=== WHAT YOU WILL DO ===
Give the data again exactly as written, without any of its pictures.
··········
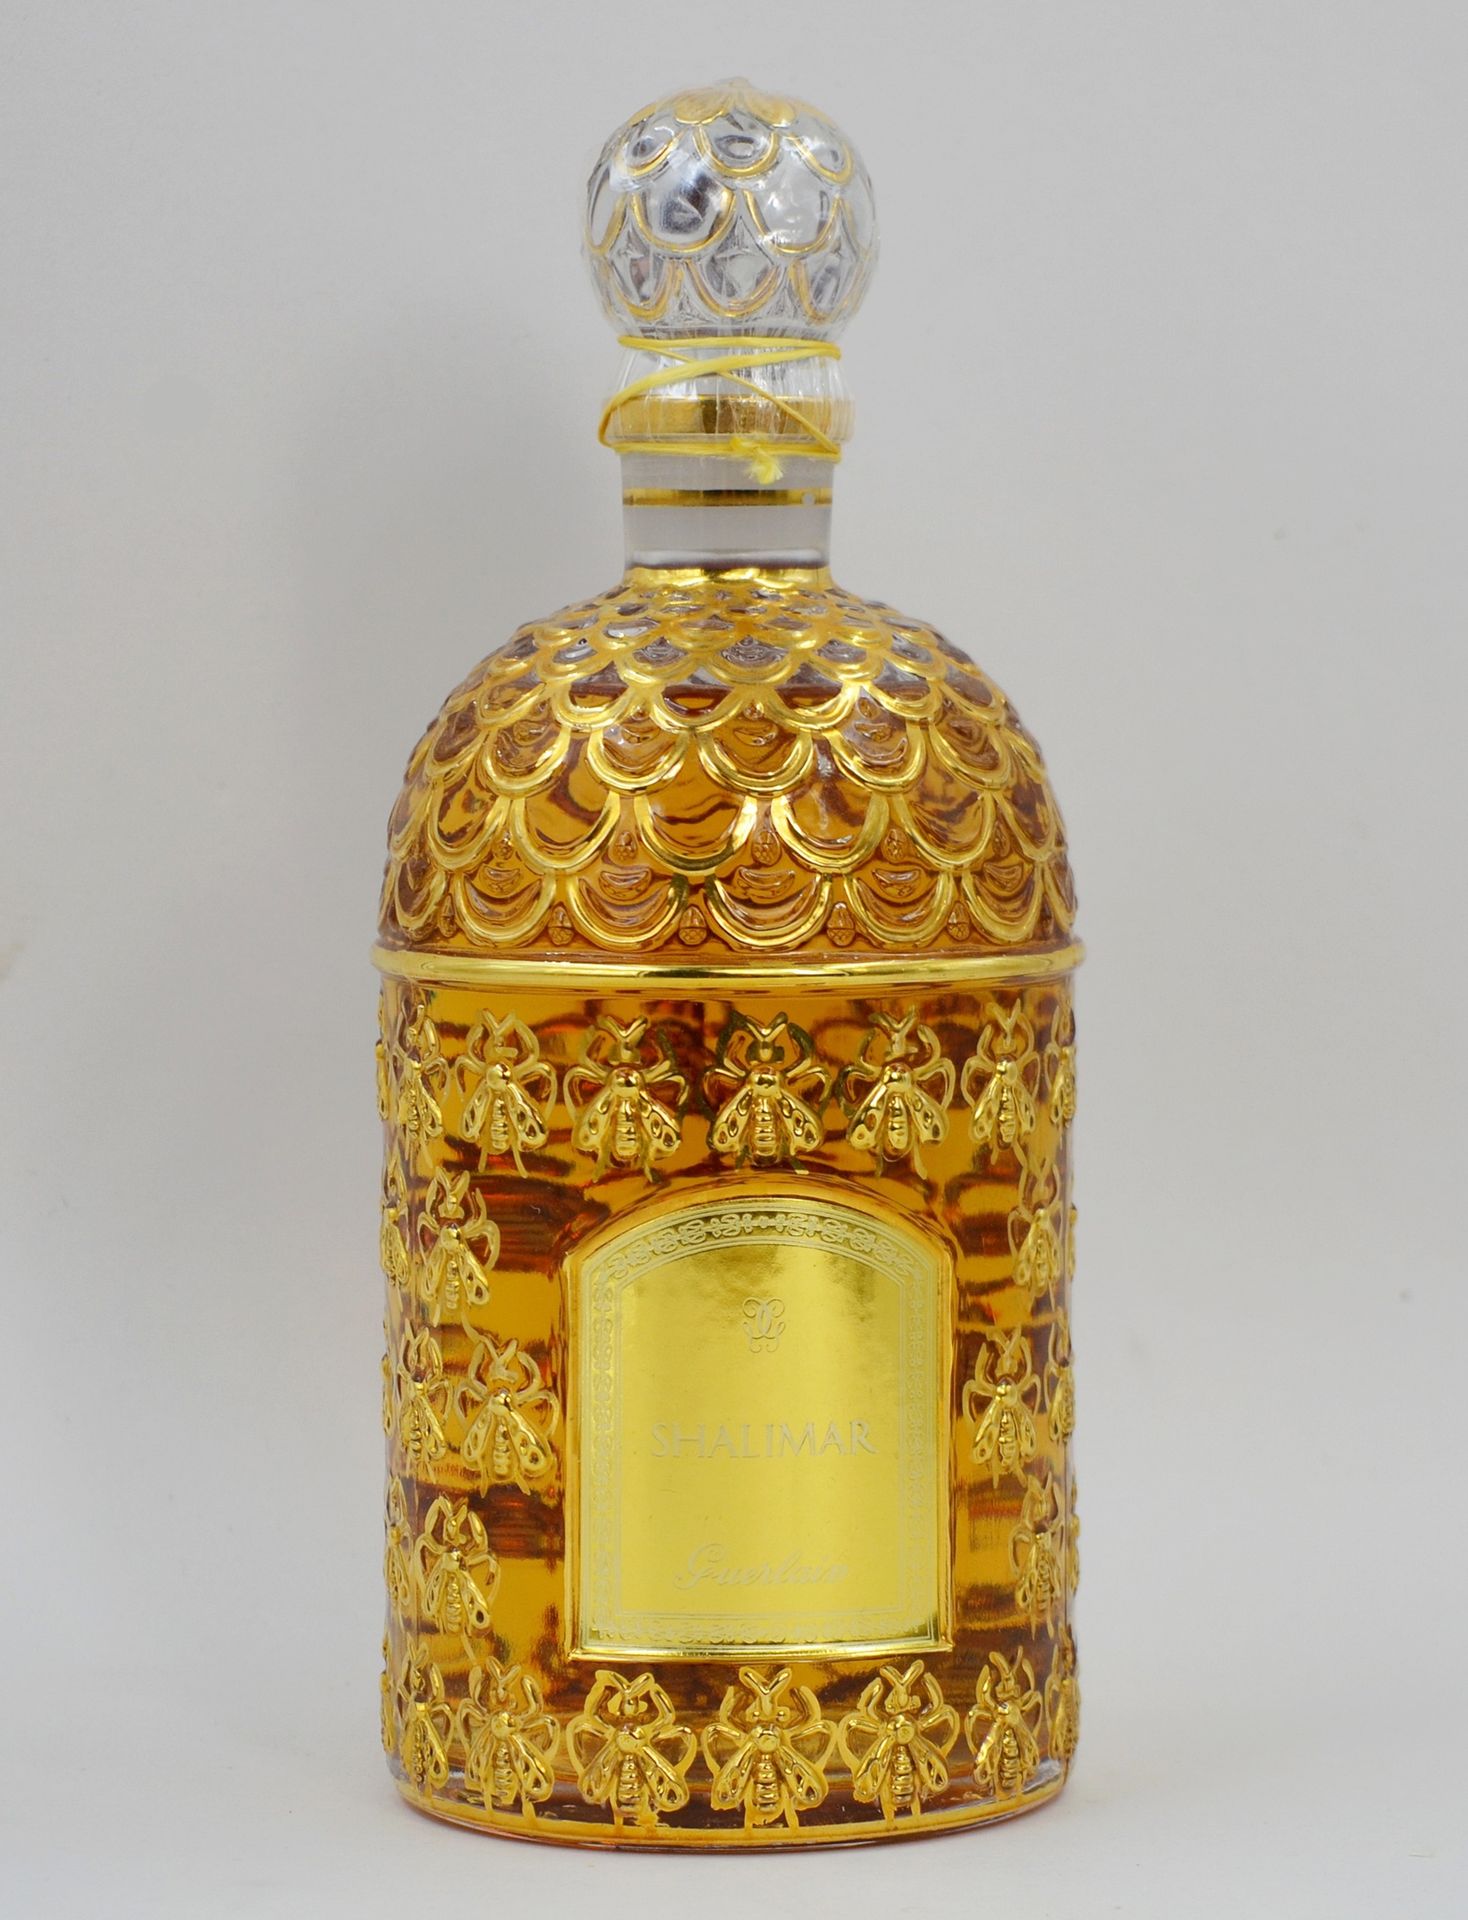 Null 古尔兰 "沙利玛尔

大玻璃瓶，"金蜜蜂 "模型。含有500毫升的花露水，密封。

高：20厘米
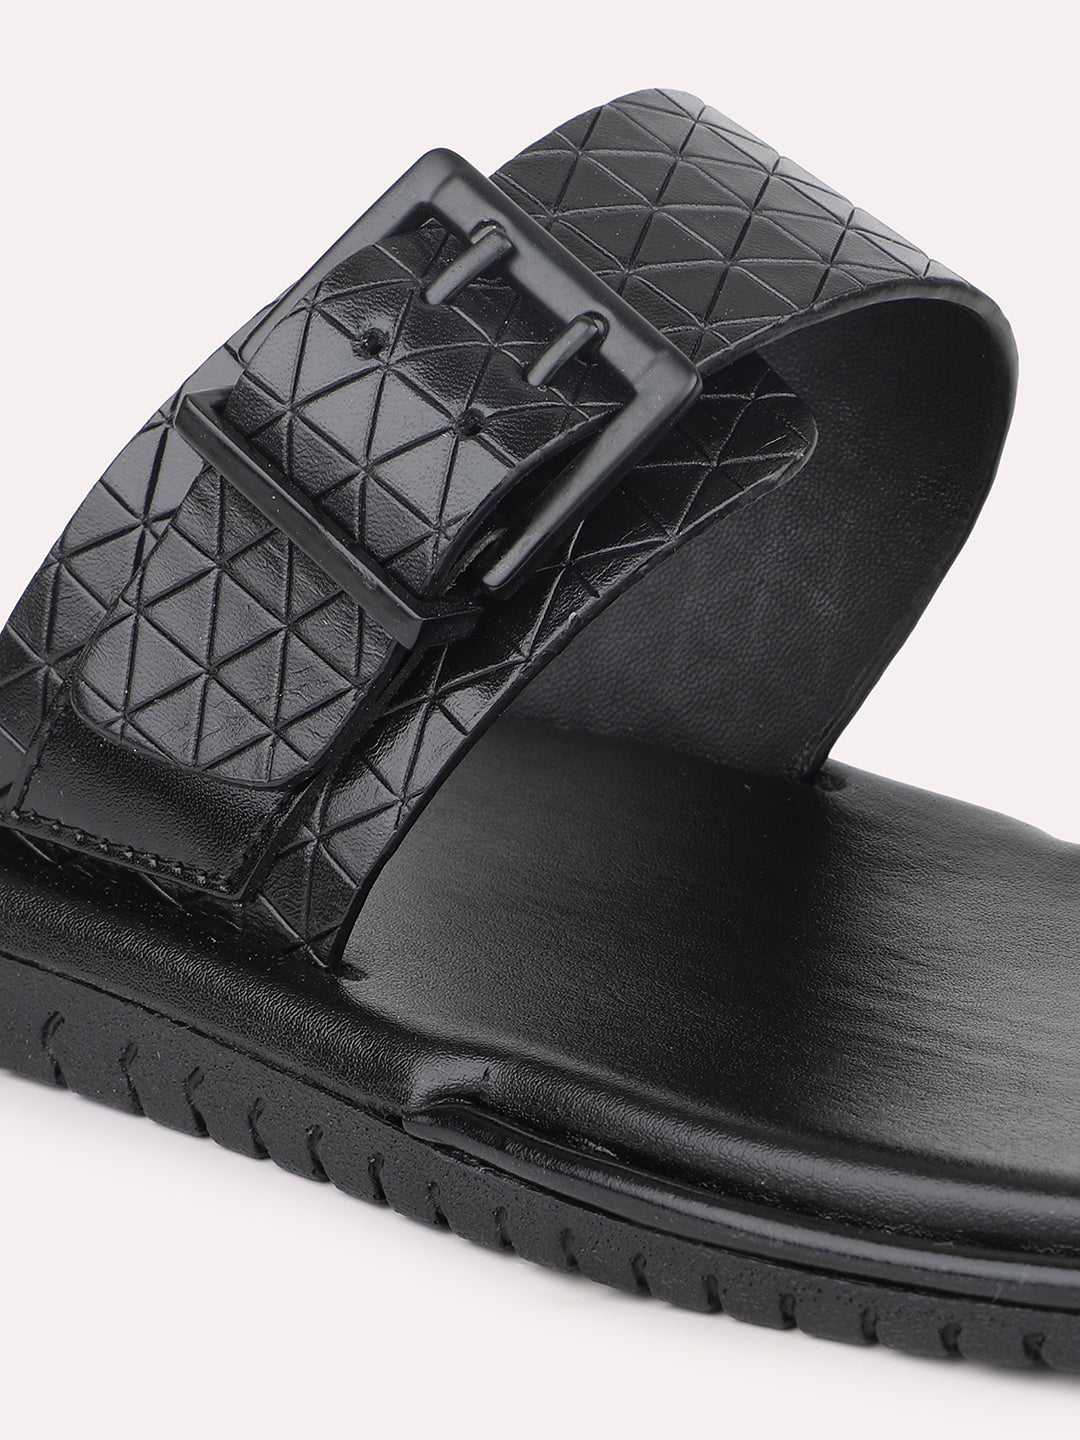 Atesber Black Formal Slip-on Sandal For Men
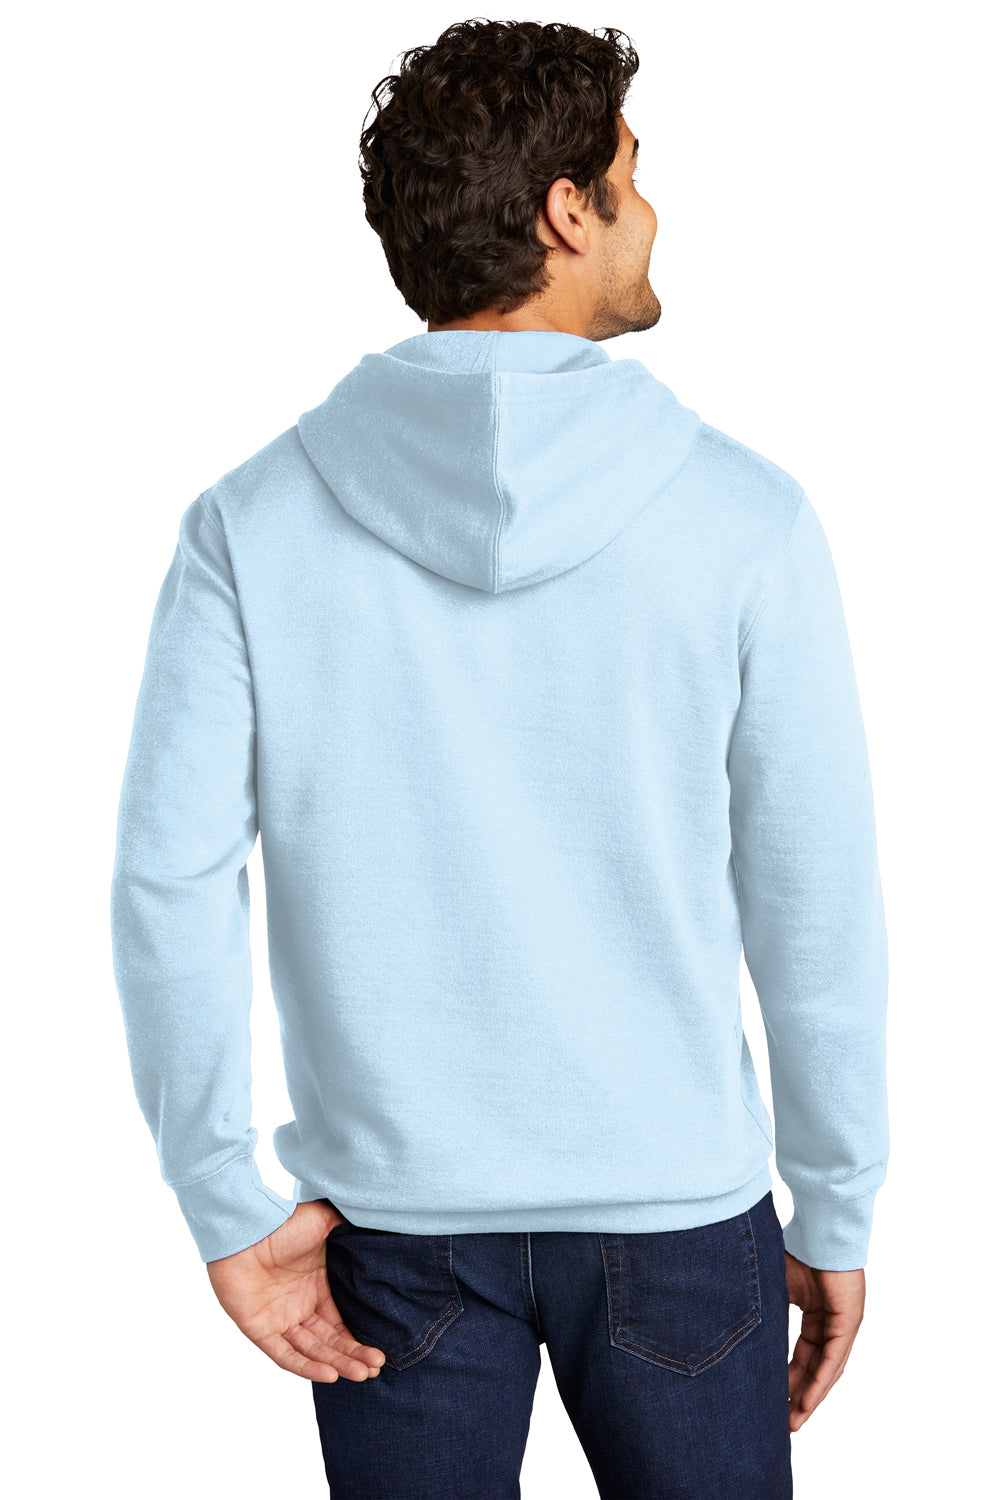 District Mens Very Important Fleece Hooded Sweatshirt Hoodie Ice Blue Side
··········
=== PROBLEM SOLUTION ===
 Null 古尔兰 "沙利玛尔

大玻璃瓶，"金蜜蜂 "模型。含有500毫升的花露水，密封。

高：20厘米
 Atesber Black Formal Slip-on Sandal For Men
 District Mens Very Important Fleece Hooded Sweatshirt Hoodie Ice Blue Side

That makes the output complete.